82 lines (44 loc) · 4.85 KB

#CodeBook

#The data source

data: https://d396qusza40orc.cloudfront.net/getdata%2Fprojectfiles%2FUCI%20HAR%20Dataset.zip description of the dataset: http://archive.ics.uci.edu/ml/datasets/Human+Activity+Recognition+Using+Smartphones

#Study Design

(as described in the "README.txt" file : https://d396qusza40orc.cloudfront.net/getdata%2Fprojectfiles%2FUCI%20HAR%20Dataset.zip )

The experiments have been carried out with a group of 30 volunteers within an age bracket of 19-48 years. Each person performed six activities (WALKING, WALKING_UPSTAIRS, WALKING_DOWNSTAIRS, SITTING, STANDING, LAYING) wearing a smartphone (Samsung Galaxy S II) on the waist. Using its embedded accelerometer and gyroscope, we captured 3-axial linear acceleration and 3-axial angular velocity at a constant rate of 50Hz. The experiments have been video-recorded to label the data manually. The obtained dataset has been randomly partitioned into two sets, where 70% of the volunteers was selected for generating the training data and 30% the test data.

The sensor signals (accelerometer and gyroscope) were pre-processed by applying noise filters and then sampled in fixed-width sliding windows of 2.56 sec and 50% overlap (128 readings/window). The sensor acceleration signal, which has gravitational and body motion components, was separated using a Butterworth low-pass filter into body acceleration and gravity.
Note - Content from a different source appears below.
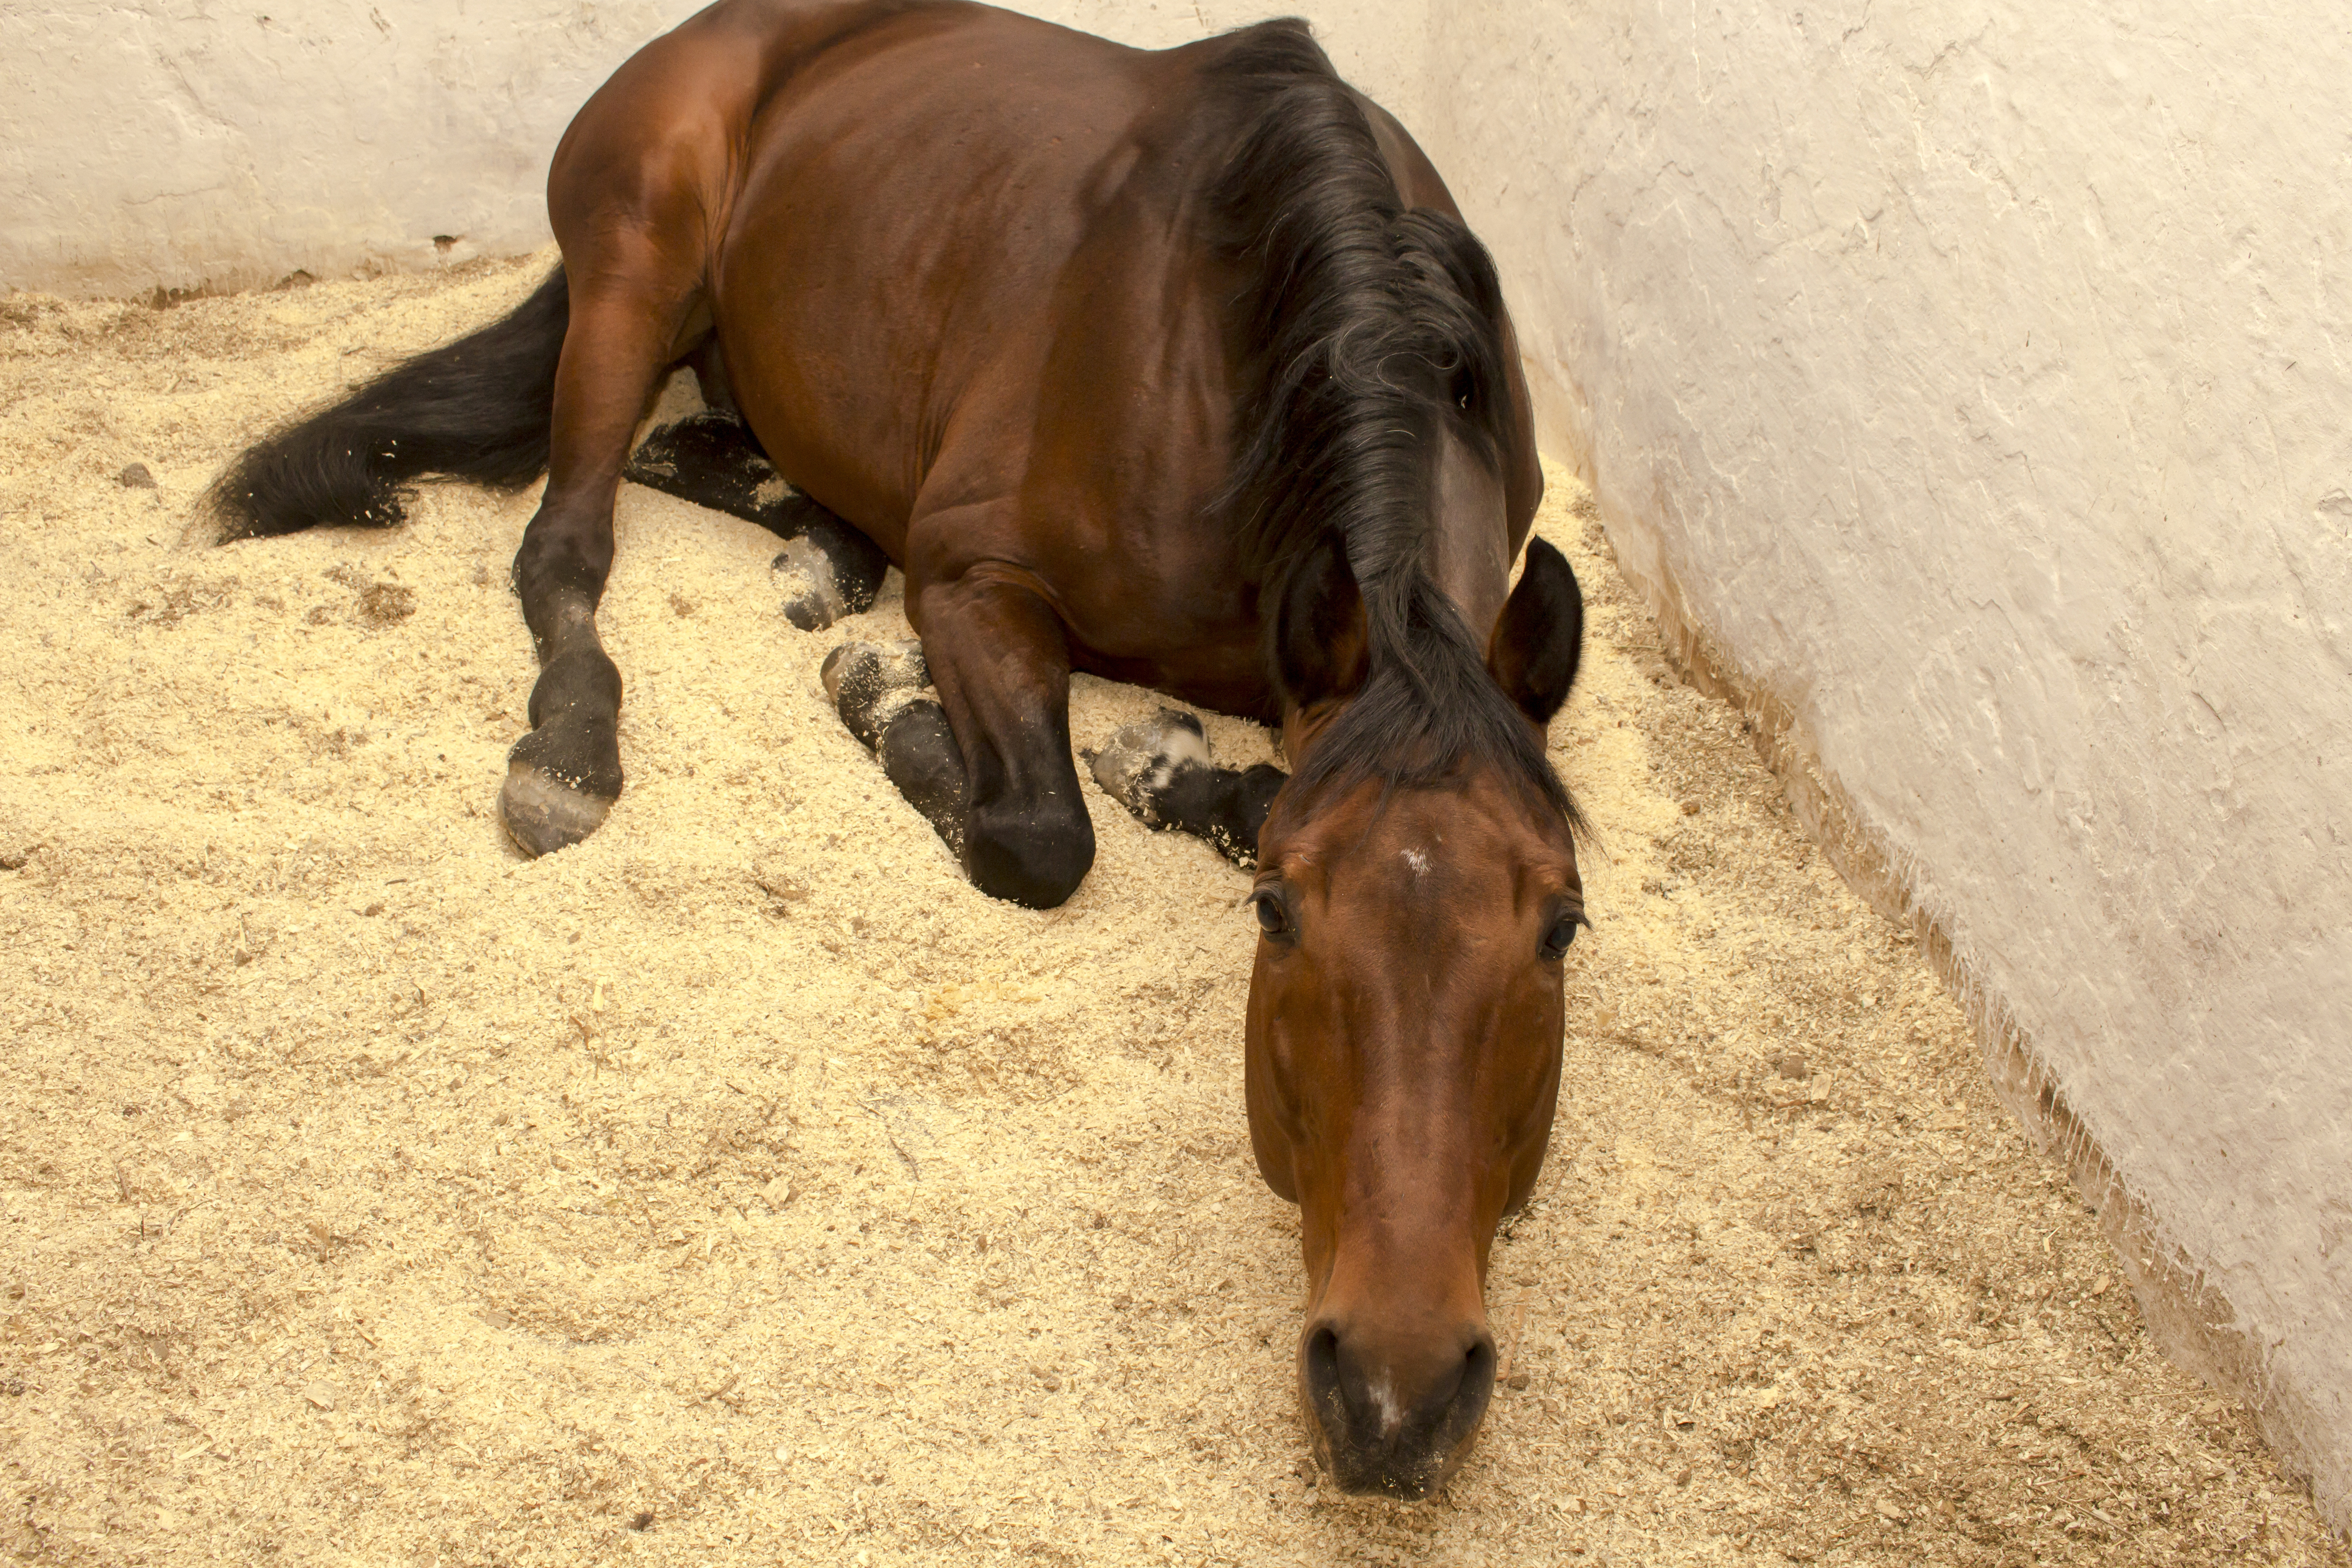 A horse lying down in a stall with fresh shavings
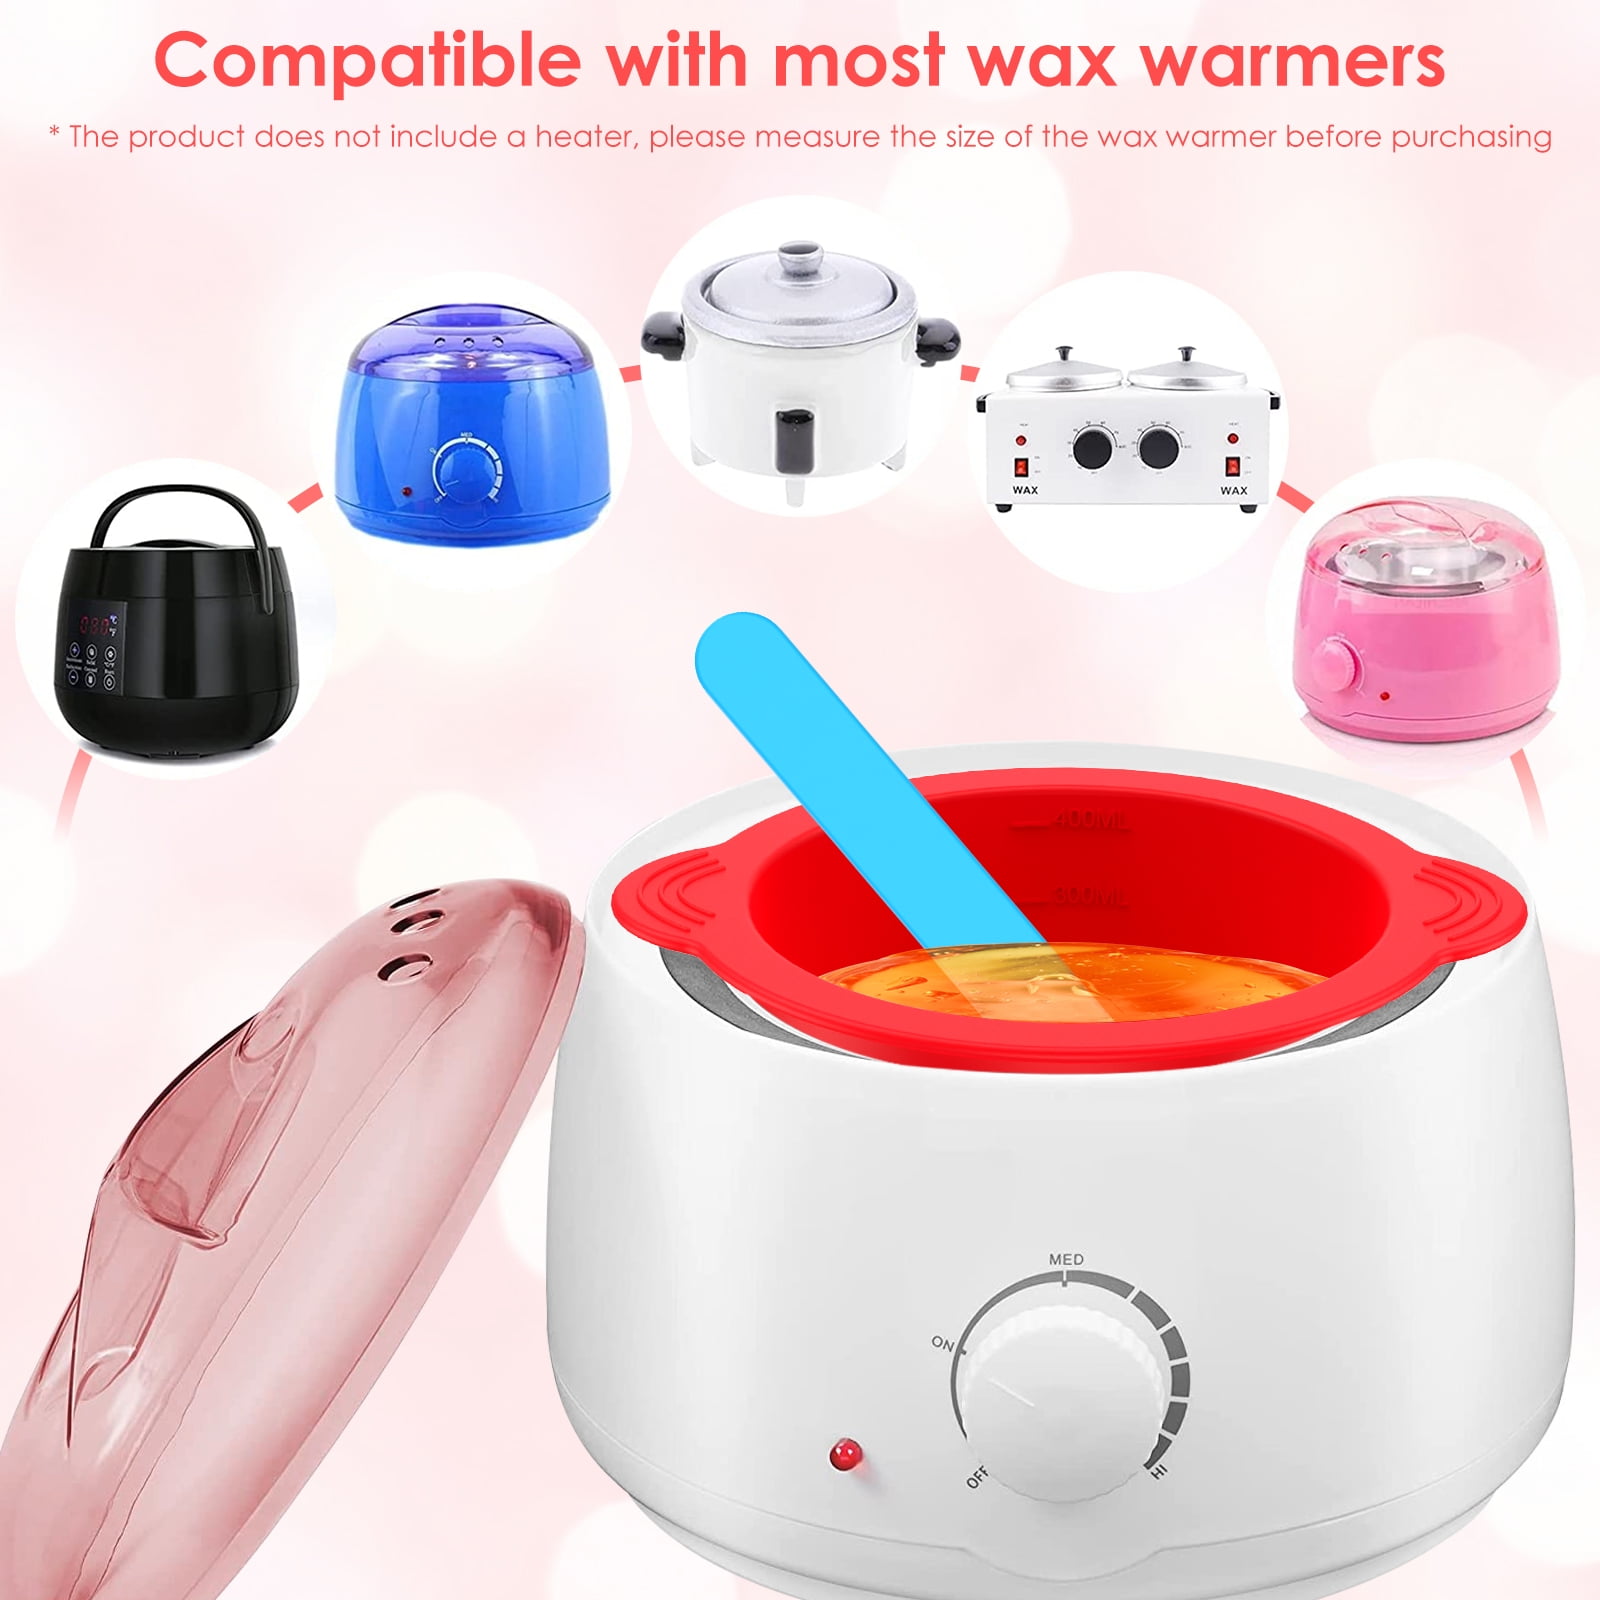  4 PCS Silicone Wax Warmer Liner, Wax Pot Liner Come with 8 PCS  Reusable Silicone Wax Stick, Silicone Wax Bowl Compatible with 16oz Hair  Removal Waxing Kit : Beauty & Personal Care

The gravitational force is assumed to have only low frequency components, therefore a filter with 0.3 Hz cutoff frequency was used. From each window, a vector of features was obtained by calculating variables from the time and frequency domain. See 'features_info.txt' for more details.

For each record it is provided:

  • Triaxial acceleration from the accelerometer (total acceleration) and the estimated body acceleration.
  • Triaxial Angular velocity from the gyroscope.
  • A 561-feature vector with time and frequency domain variables.
  • Its activity label.
  • An identifier of the subject who carried out the experiment.

The dataset includes the following files:

  • 'README.txt'

  • 'features_info.txt': Shows information about the variables used on the feature vector.

  • 'features.txt': List of all features.

  • 'activity_labels.txt': Links the class labels with their activity name.

  • 'train/X_train.txt': Training set.

  • 'train/y_train.txt': Training labels.

  • 'test/X_test.txt': Test set.

  • 'test/y_test.txt': Test labels.

The following files are available for the train and test data. Their descriptions are equivalent.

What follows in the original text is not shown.